In Photoshop gibt es doch eigentlich direkt die Möglichkeit über das "*Eigene-Formen-Werk-
zeug*" ein gleichschenkliges, gleichseitiges Dreick zu erstellen, das mit
dieser Methode hier sogar noch variabel in der Größe anpassbar bleibt.


----------



## Boromir (18. Mai 2007)

Hallo MusterMax,

das meinte ich doch auch. Ich habe es nur als reinen Pfad angelegt, auf deinem Bild wird doch eine Formebene angelegt. Das Dreieck bleibt aber das selbe. Nun noch mal eine Frage, wenn man das Dreieck nun auf dem Weg den wir beide beschrieben haben anlegt, ist es doch gleichschenklig und gleichseitig oder nicht?

Boromir


----------



## Muster Max (18. Mai 2007)

Ja Boromir, verzeih bitte, manchmal überlese ich wichtige Dinge irgendwie unbeabsichtigt.
Mein Beitrag ist dann ja eigenltich überflüssig gewesen  .Beim nächsten mal werde
ich den Text aufmerksamer lesen.

mfg Muster Max


----------



## DaaN (18. Mai 2007)

@MusterMax

die Funktion geht aber leider nicht mit PS 6.0


----------



## Muster Max (18. Mai 2007)

Das mag sein, da Adobe erst ab der Version 7 wohl angefangen hat sich über die bessere
Handhabung des Pfadwerkzeuges und seiner vielseitigen Einsatzmöglichkeiten gedanken
zu machen. Ich selbst arbeite mit der Version CS.

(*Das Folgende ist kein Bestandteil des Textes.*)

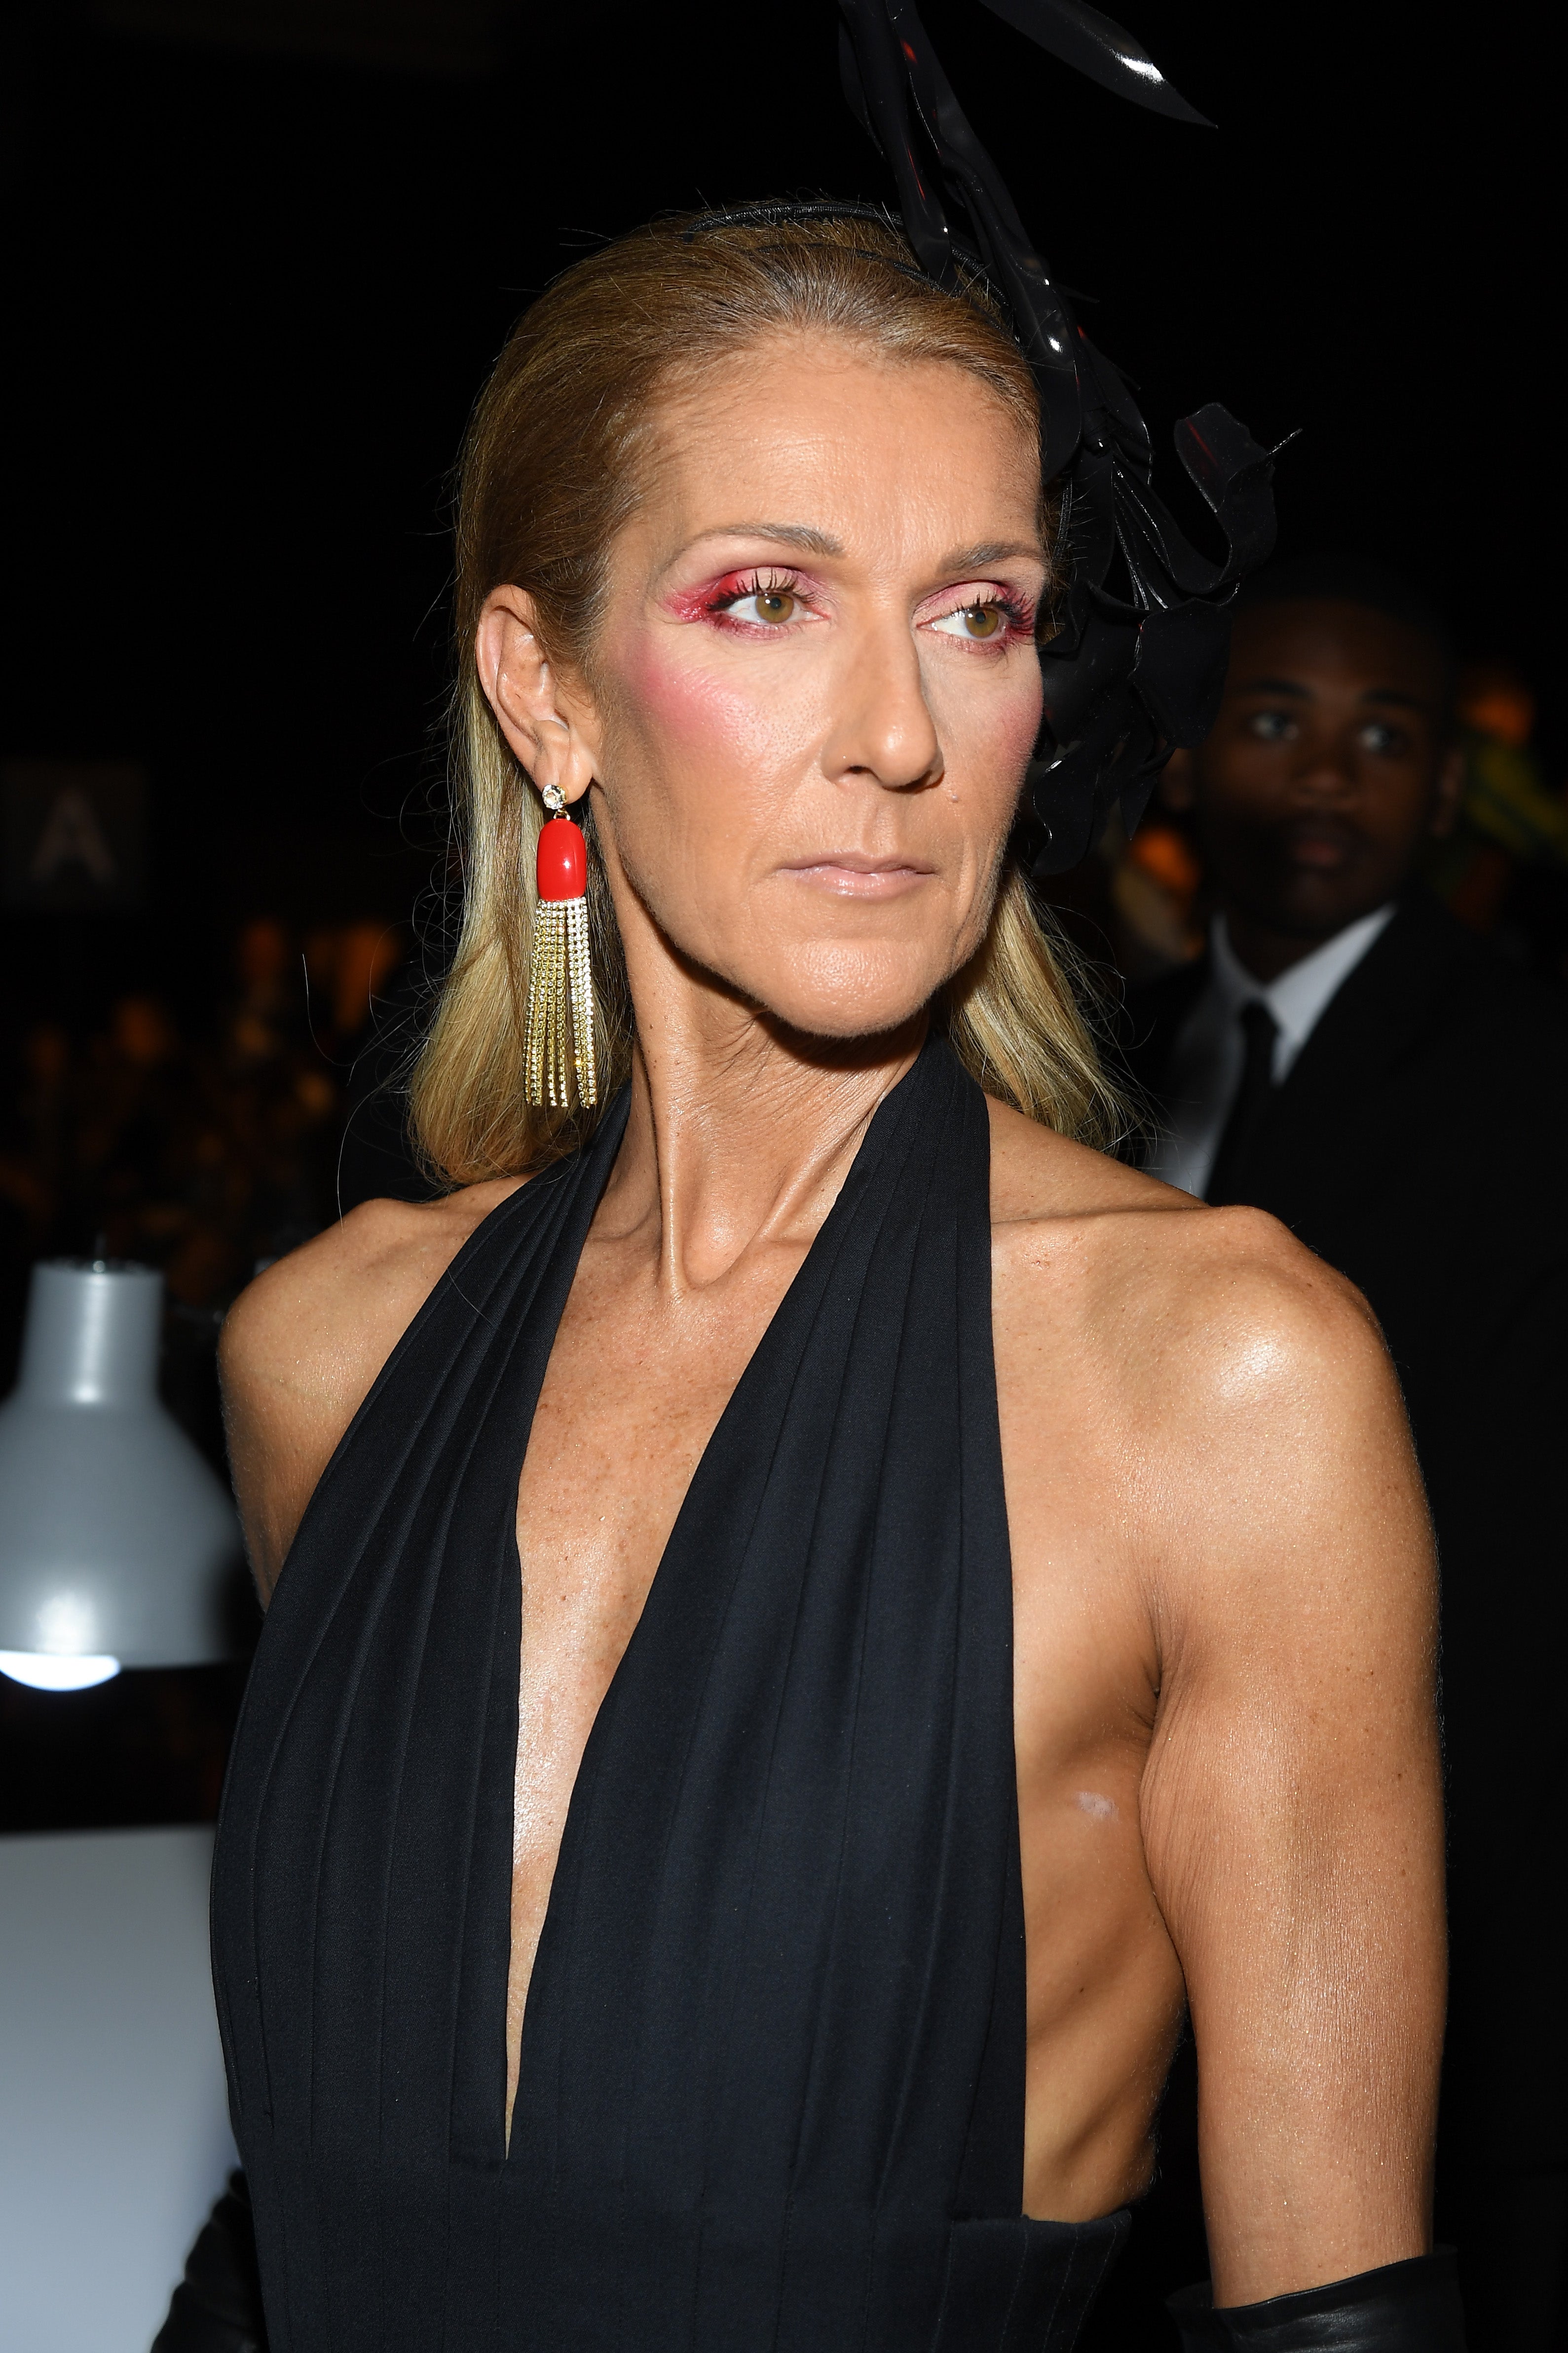 Celine Dion's sister worried about the singer: 
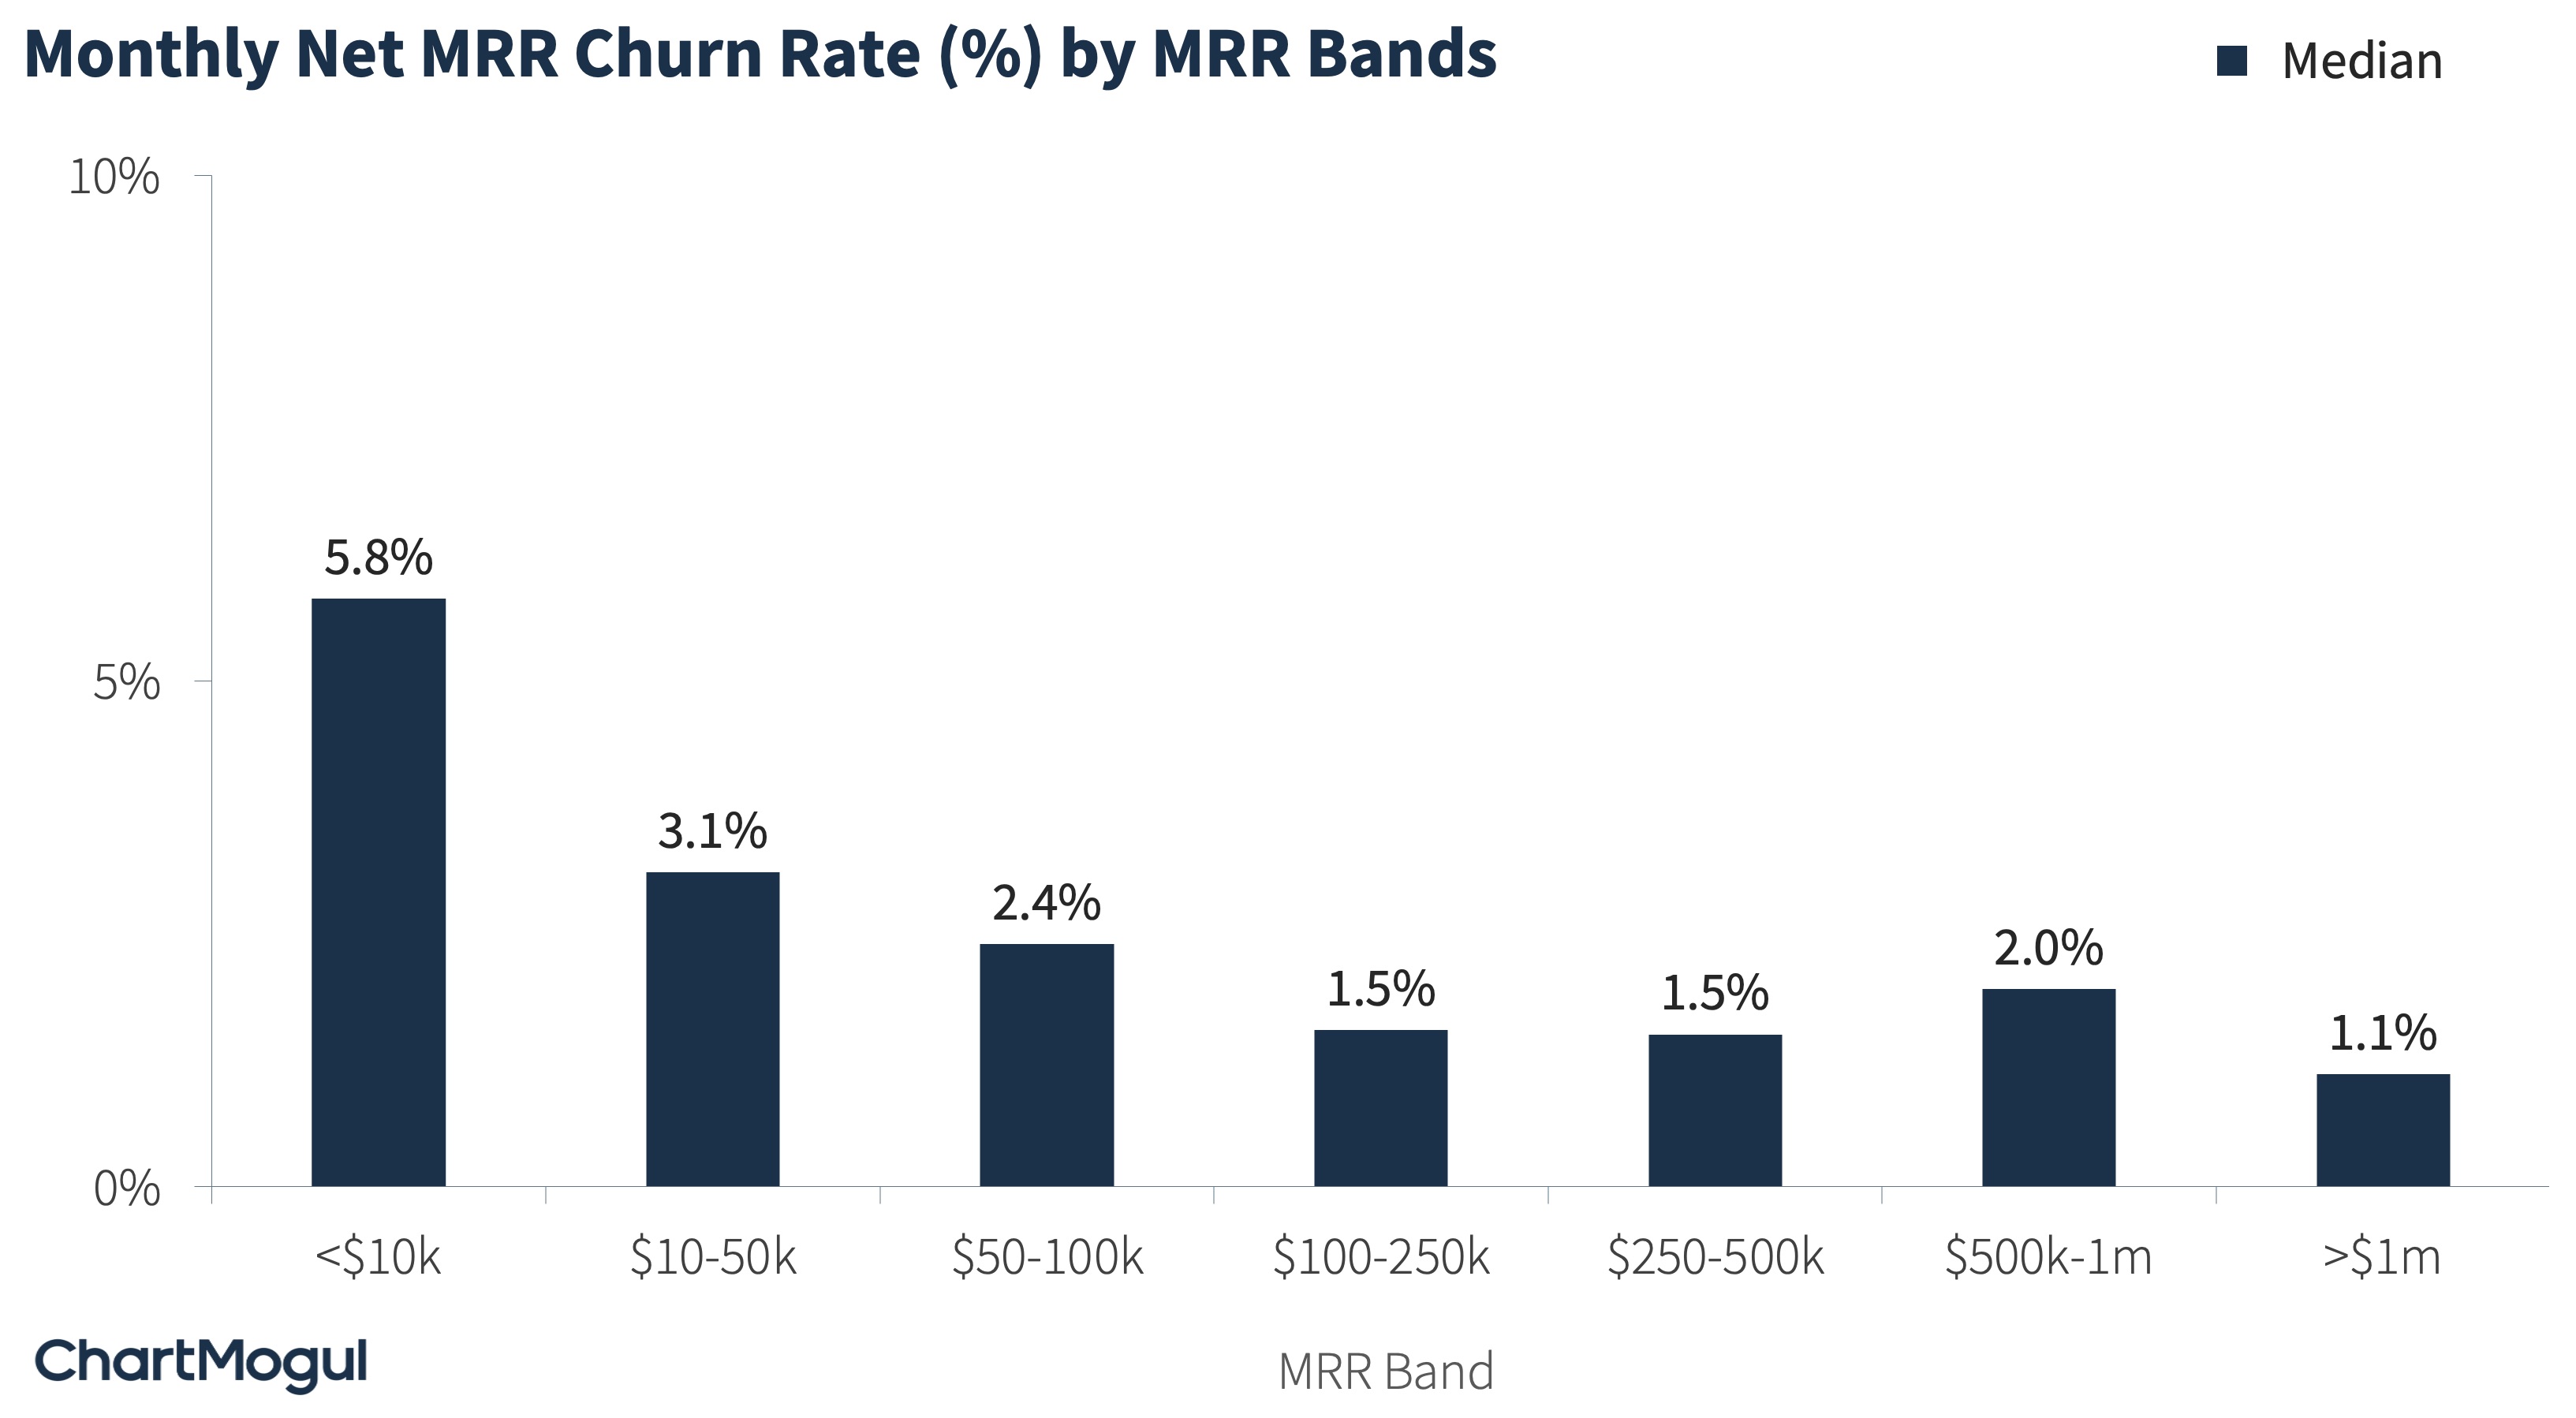 Monthly net MRR churn rate by MRR bands

In Photoshop 6.0 würde ich das ganze dann über ein paar geschickt platzierte Hilfslinien
lösen die ich mit dem Pfadwerkzeug verbinden würde. Abschließend müsste man dann
nur noch wie oben bereits mehrfach erwähnt die Pfadkontur füllen. Wenn man im Umgang
mit dem Pfadwerkzeug geübt ist, sollte das eigentlich genauso zügig vollzogen sein.

Oder man löst das ganze über sein pdf Tutorial. Wie immer führen hier wohl zahlreiche
wege nach Rom und jeder kann so die Technik wählen mit der er am besten zurecht kommt.


----------



## Beppone (21. Mai 2007)

Hi.

ich löse das über die Kombi FreehandMX und PS.

Beliebig komplexe Form in Freehand erstellt, "Kopieren spezial" (läßt das Format für die Zwischenablage wählen), mit Apfel + Tab in PS gewechselt und dann "einsetzen".

Wüßte nicht, was schneller und/oder präziser gehen sollte, wenn die Form mal komplexer wird... zB das Dreieck eine definierte Kantenlänge UND Eckradius UND Aussparung etc haben soll..

Grüße


----------